I’m not for a second claiming that we don’t have also have a genuine and extremely large productivity problem, merely that it has been exaggerated by the astonishing private sector jobs miracle of the past few years.
It is vital, as the election campaign enters its final weeks, that the politicians’ proposed solutions tackle the real issues. For a start, anything that reduces the labour market flexibility that has created so many jobs should be resisted. It is also time for a proper investigation into the role of in-work benefits: do they push down wages in a meaningful way, and are therefore a subsidy to firms, or do they subsidise people who otherwise wouldn’t work (because what they could earn is too low to sustain them)? If the second, as I suspect, what supply-side solutions could be used to make sure that they are able to earn more and require fewer subsidies? Clearly, these will need to involve dramatically improved vocational training and, for the long-term good of the economy, much better education.
Improving and enhancing the UK’s infrastructure ought to be good for productivity, but only if done in the right way. Building useless government-financed projects with costs greater than their benefits isn’t the answer, which is why I’m sceptical of those who blame cuts to the Government’s capital expenditure budget since the crisis for the slowdown in output per worker. The UK government has been short-termist for decades now, privileging current expenditure over capital spending, which is a good reason why as many important decisions as possible need to be depoliticised; but some of the figures that are often cited as proof of this exaggerate the trend by failing to control for the impact of the privatisation of industry, utilities and housing.
Some government capital projects that have been cancelled since the crisis would have boosted productivity; many merely represent a form of disguised consumption. The HS2 high-speed rail project would be a waste of money. By contrast, allowing the private sector to expand London’s airport capacity would add a vast amount of value.
The UK has a problem with mobility: it takes too long to travel. Pricing road use properly, rather than hitting motorists randomly through fuel duties and other taxes, makes sense – but it would be a terrible error merely to seek to suppress demand, rather than trying to bolster capacity. The UK must tap into the private sector’s appetite for financing long-term infrastructure projects.

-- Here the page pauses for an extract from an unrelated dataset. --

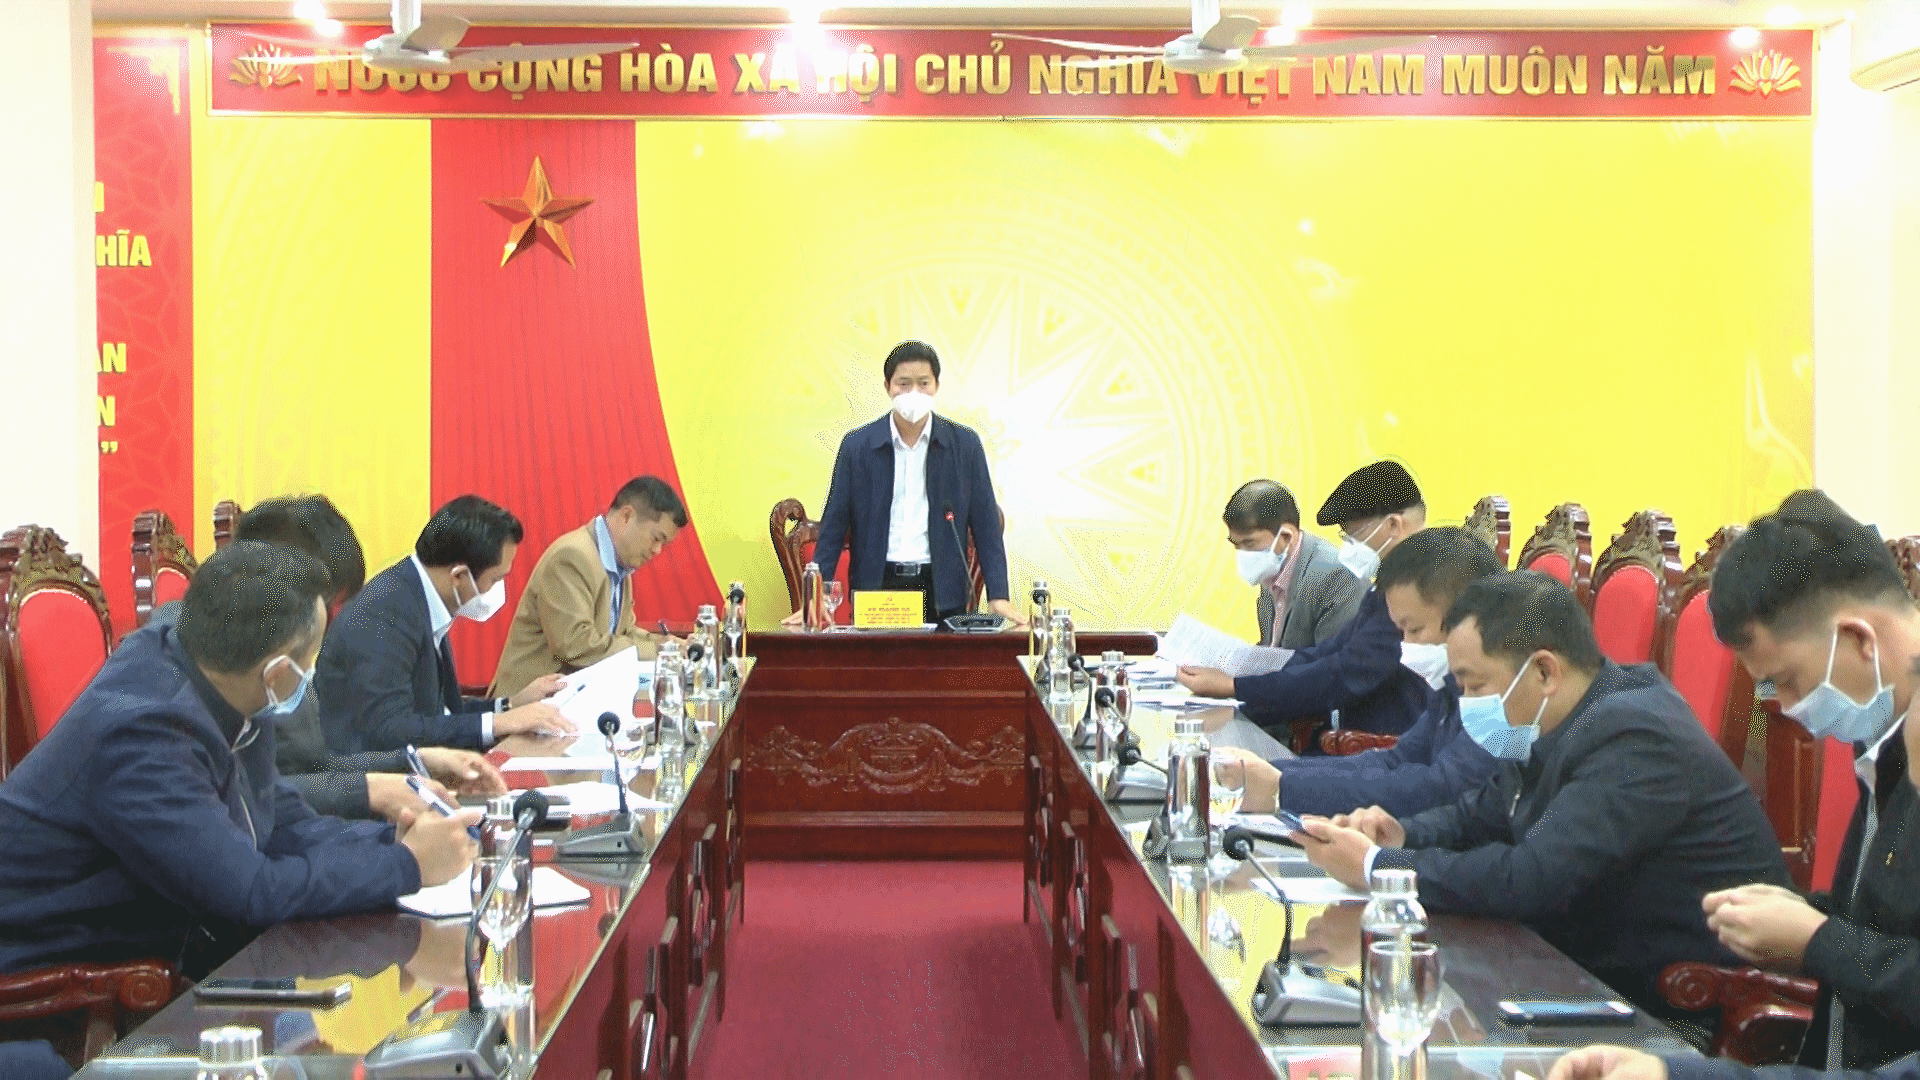 Trưởng Ban Tuyên giáo Tỉnh ủy Vũ Mạnh Hà phát biểu tại buổi làm việc với Ban chỉ đạo phòng, chống dịch Covid-19 huyện Yên Minh.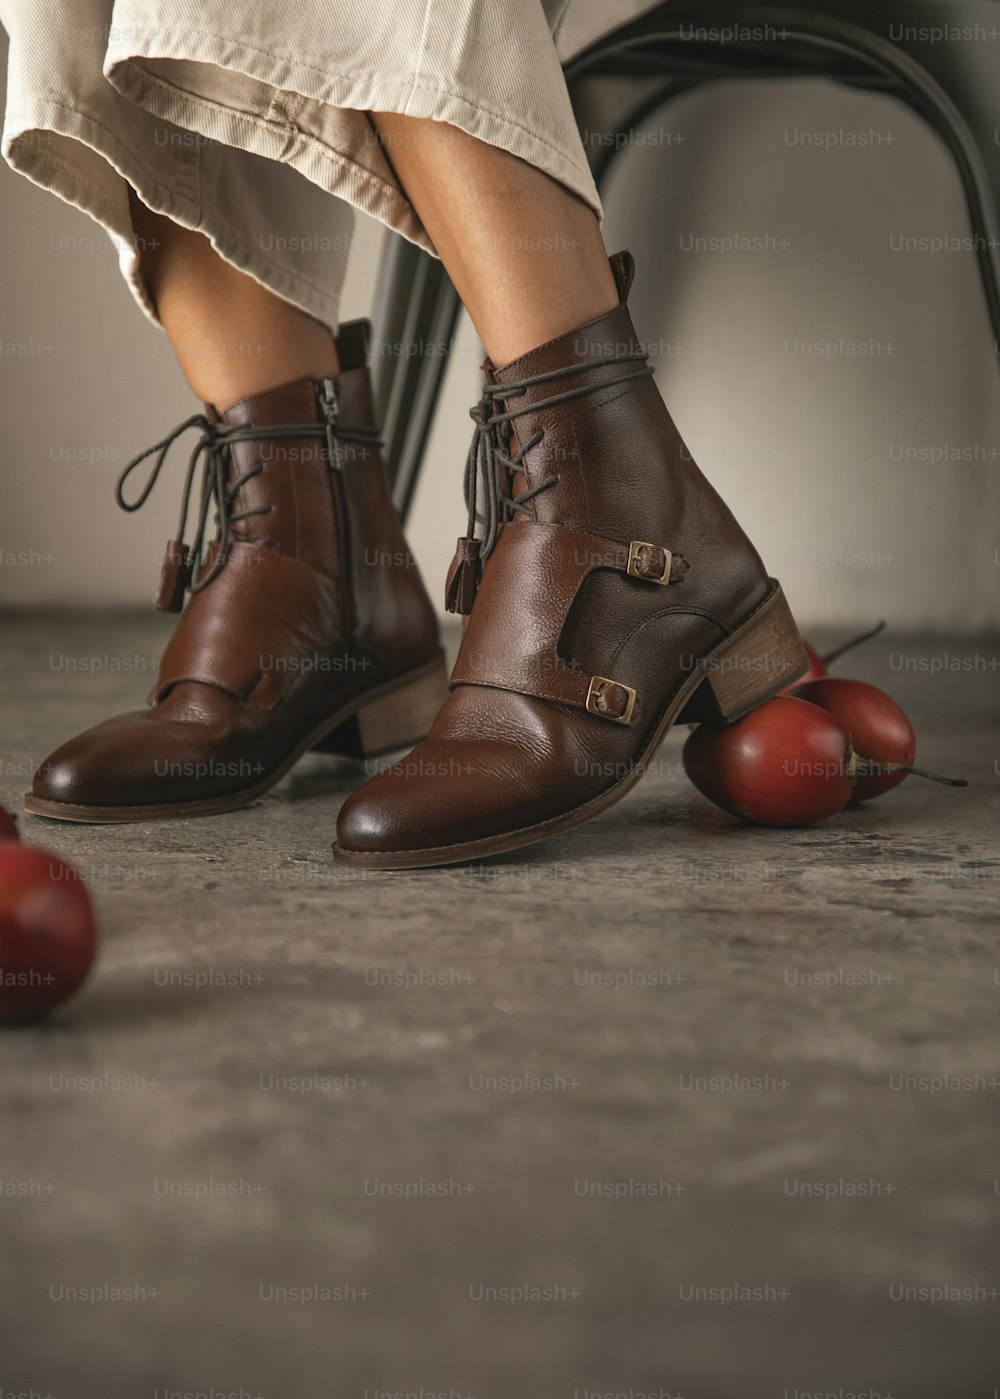 pernas de uma mulher com sapatos marrons e maçãs no chão

HS2 high-speed rail project
Infrastructure spending should not be seen to be synonymous with government spending, and especially not with the variety focused on buying votes in marginal constituencies. Like in the 19th and early 20th century, we need to unleash the forces of entrepreneurship and competition on all kinds of capital projects, from transport to energy.
Insurers need to match long-term liabilities with predictable, long-term cash flows; contrary to the received wisdom, this allows them to think in a longer-term way than politicians and to finance multi-decade capital projects.
Excessive regulations are also a major barrier to productivity. Vast amounts of time and resources are diverted to economically useless activities. Perhaps the single most pernicious regulations in the UK today are those surrounding land use: they have pushed up property prices by at least a quarter, imposing huge costs on families and companies.
Last but not least, the public sector itself needs to embrace technology to improve its own efficiency. Britain faces a massive productivity challenge, for all of the caveats I mentioned at the start of this article. But governments of all stripes must ensure they make the problem better, rather than worse.